REQUIRED ACTION — Nothing may be left out of the listing below but its images; repeat the rest exactly.
***** DATA PROVIDED *****
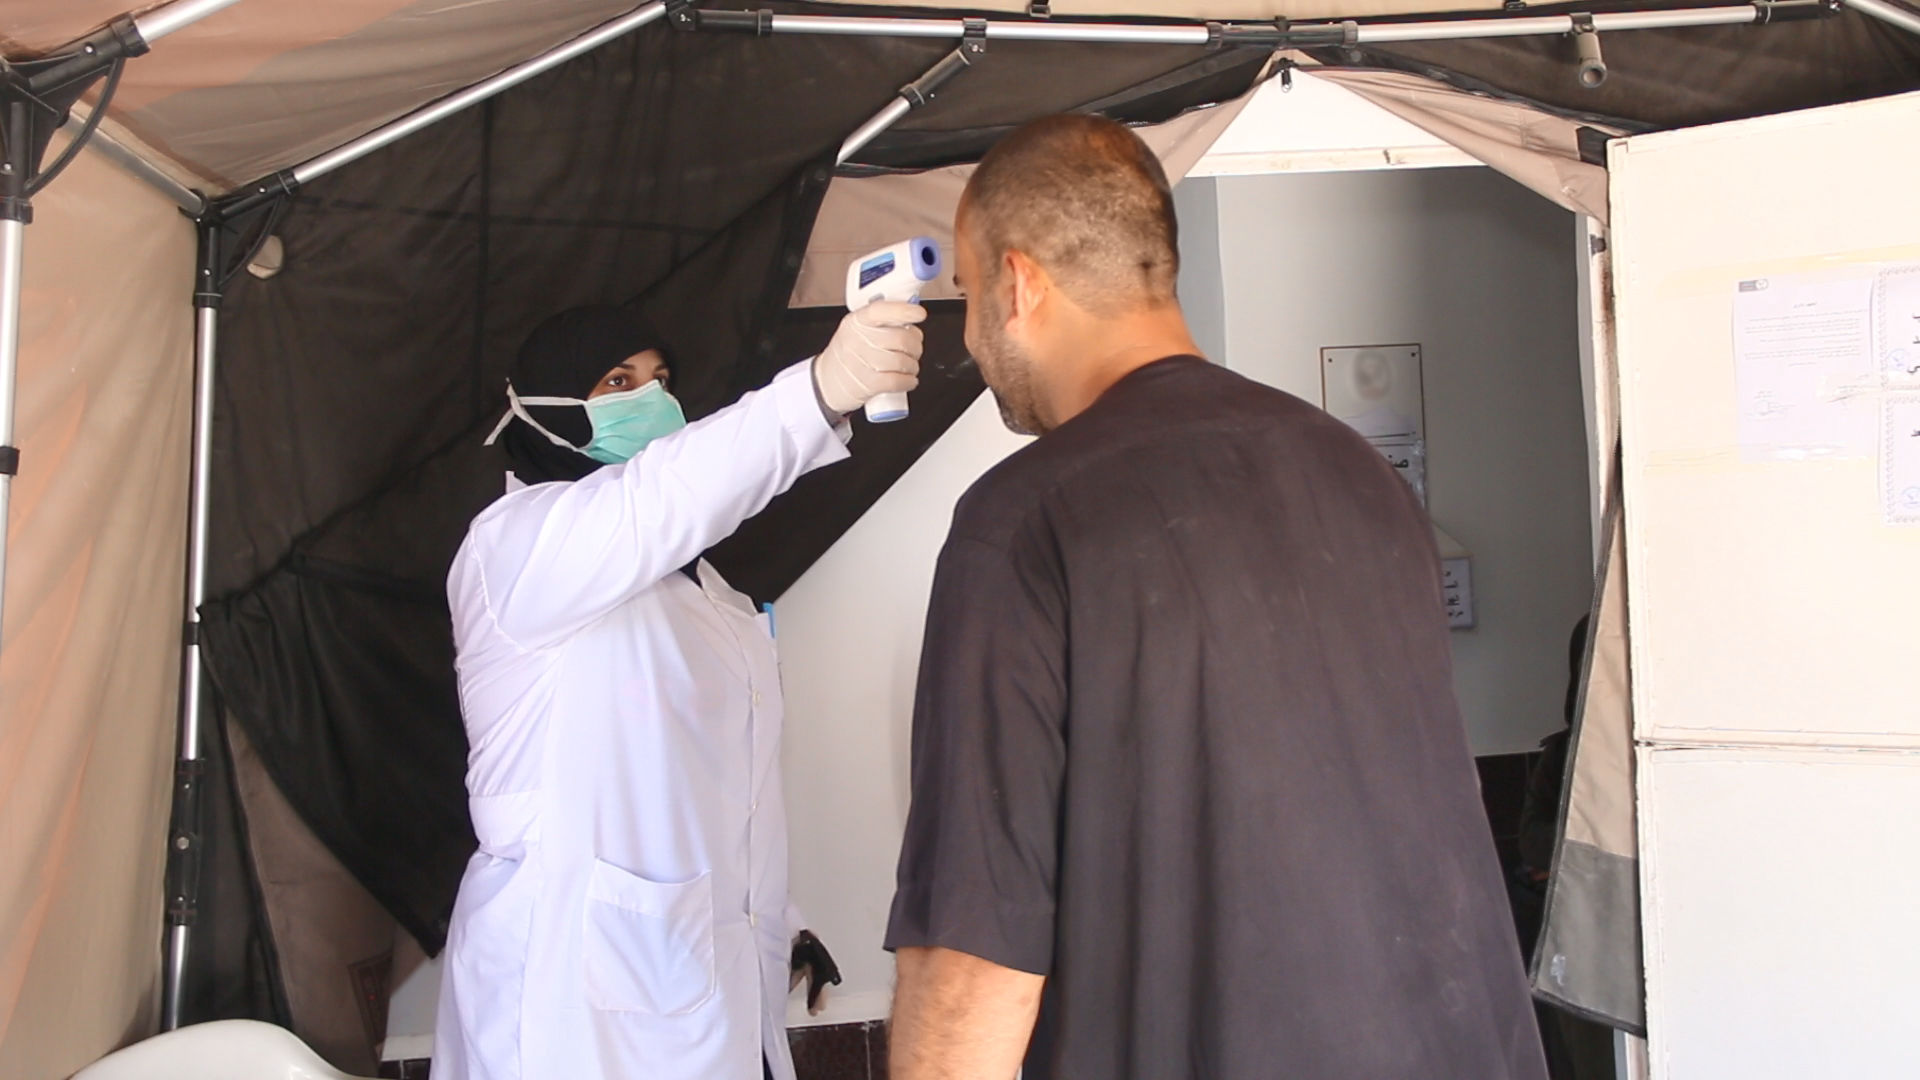 At WV’s health centre’s isolation tent, basic safety examinations against COVID-19 are performed to assess patients’ conditions.
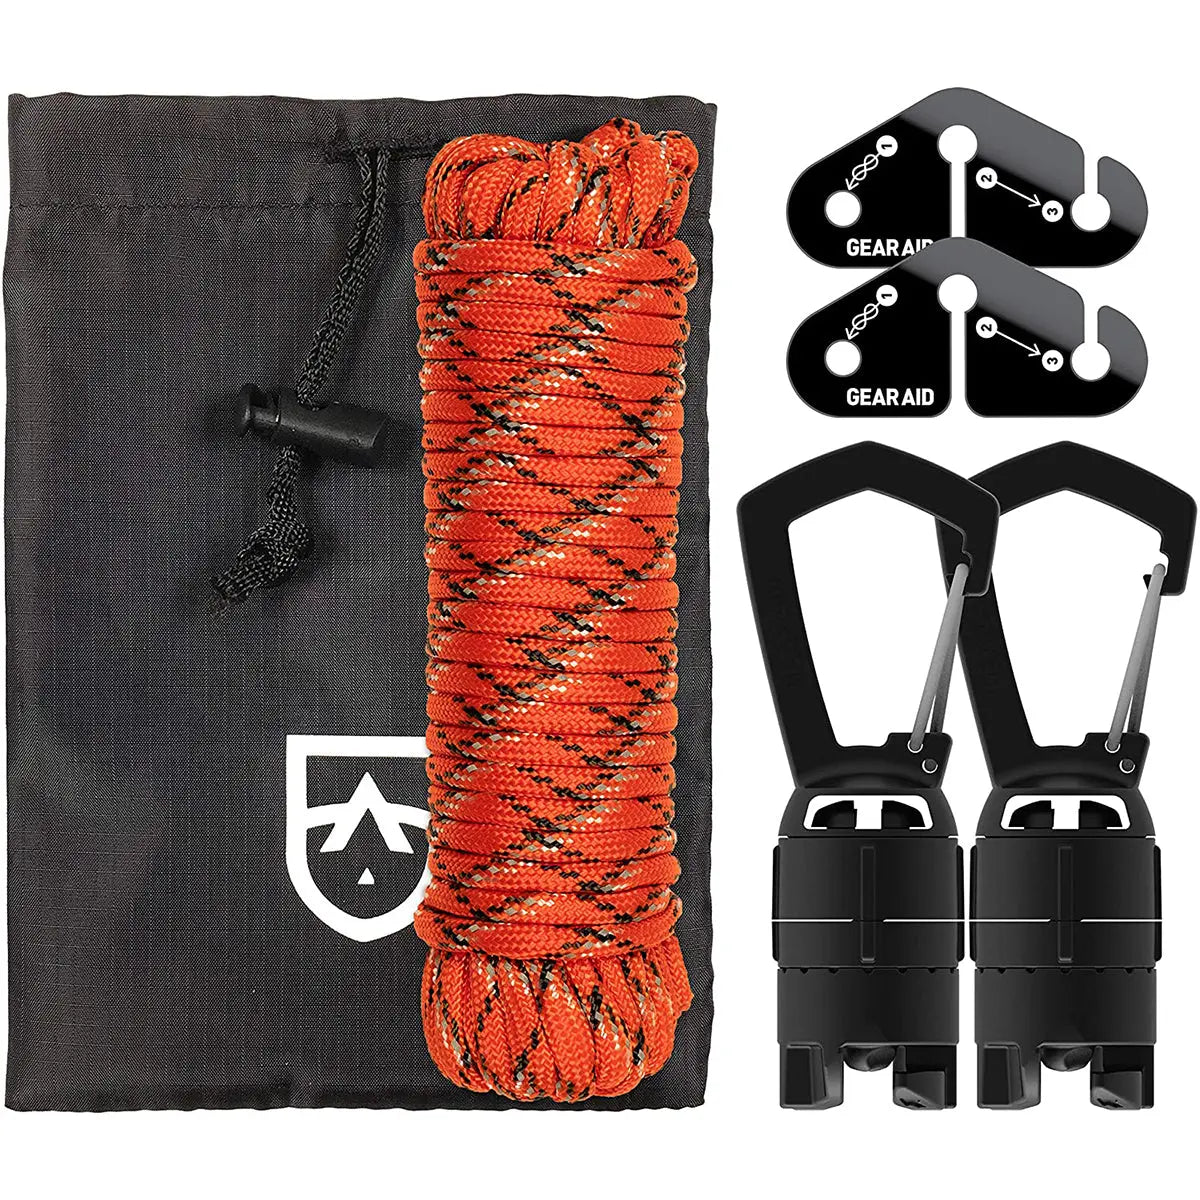 Gear Aid Multi-Purpose Camp Line Kit for Hanging and Drying Gear Gear Aid
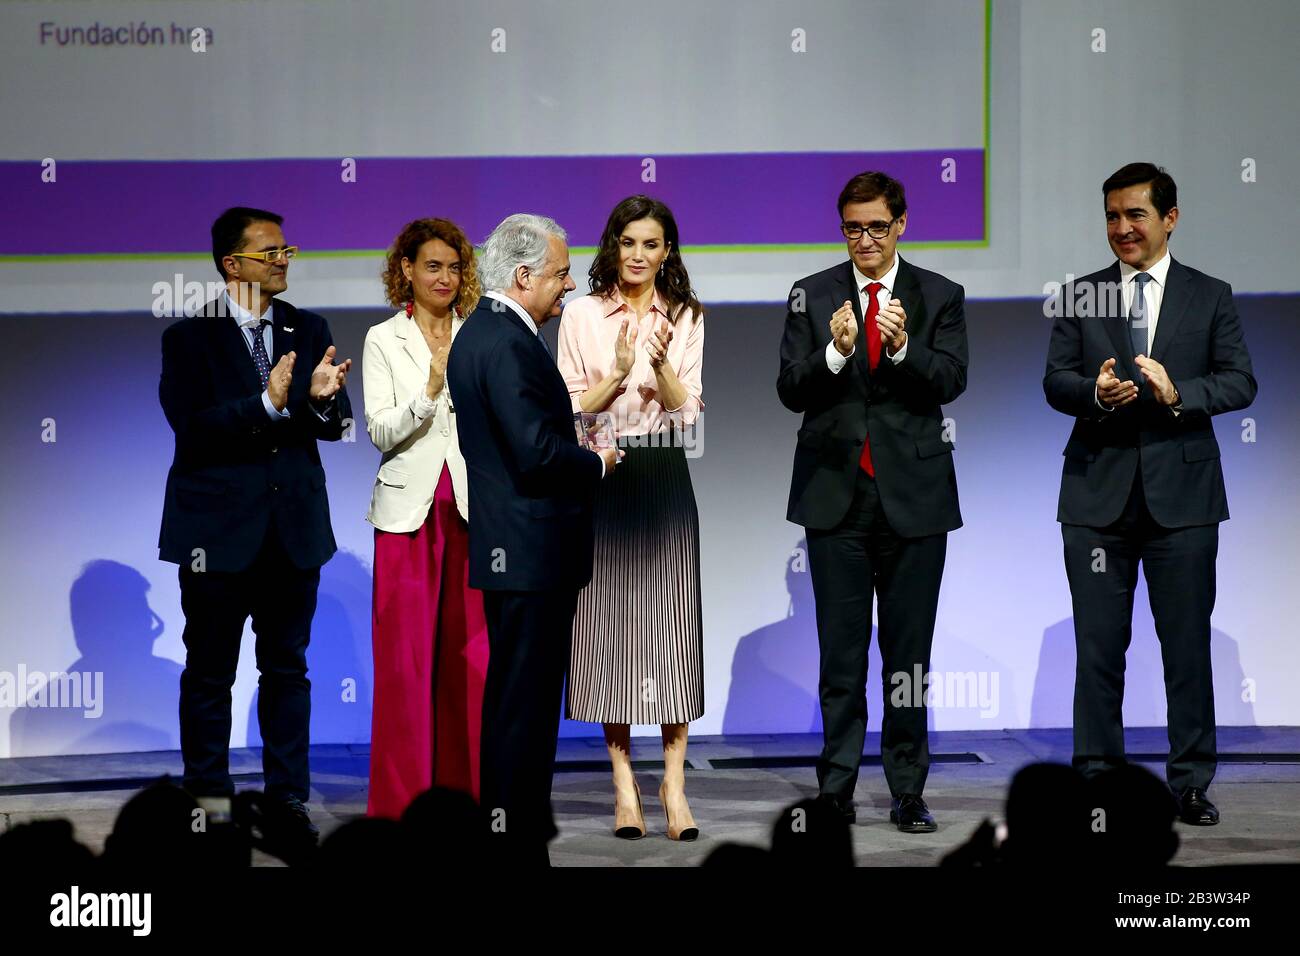 Madris, spain, 05/03/2020.- Ignacio Garralda, president of the Mutua Madrilena Foundation, receives the recognition of the Feder for his support for the therapies of children with rare diseases.Queen of Spain Letizia (C), together with the Minister of Health, Salvador Illa (2R), presides over the central act of World Rare Disease Day, which is celebrated with the motto 'Grow with you, our hope'. In the city of BBVA in Madrid with the assistance of the president of the Congress, Meritxell Batet (2L); the Spanish Federation of Rare Diseases (Feder in Spanish), Juan Carrión (L), and that of BBVA, Stock Photo
*****
REPLY TO THE TASK —
 At WV’s health centre’s isolation tent, basic safety examinations against COVID-19 are performed to assess patients’ conditions.
 Gear Aid Multi-Purpose Camp Line Kit for Hanging and Drying Gear Gear Aid
 Madris, spain, 05/03/2020.- Ignacio Garralda, president of the Mutua Madrilena Foundation, receives the recognition of the Feder for his support for the therapies of children with rare diseases.Queen of Spain Letizia (C), together with the Minister of Health, Salvador Illa (2R), presides over the central act of World Rare Disease Day, which is celebrated with the motto 'Grow with you, our hope'. In the city of BBVA in Madrid with the assistance of the president of the Congress, Meritxell Batet (2L); the Spanish Federation of Rare Diseases (Feder in Spanish), Juan Carrión (L), and that of BBVA, Stock Photo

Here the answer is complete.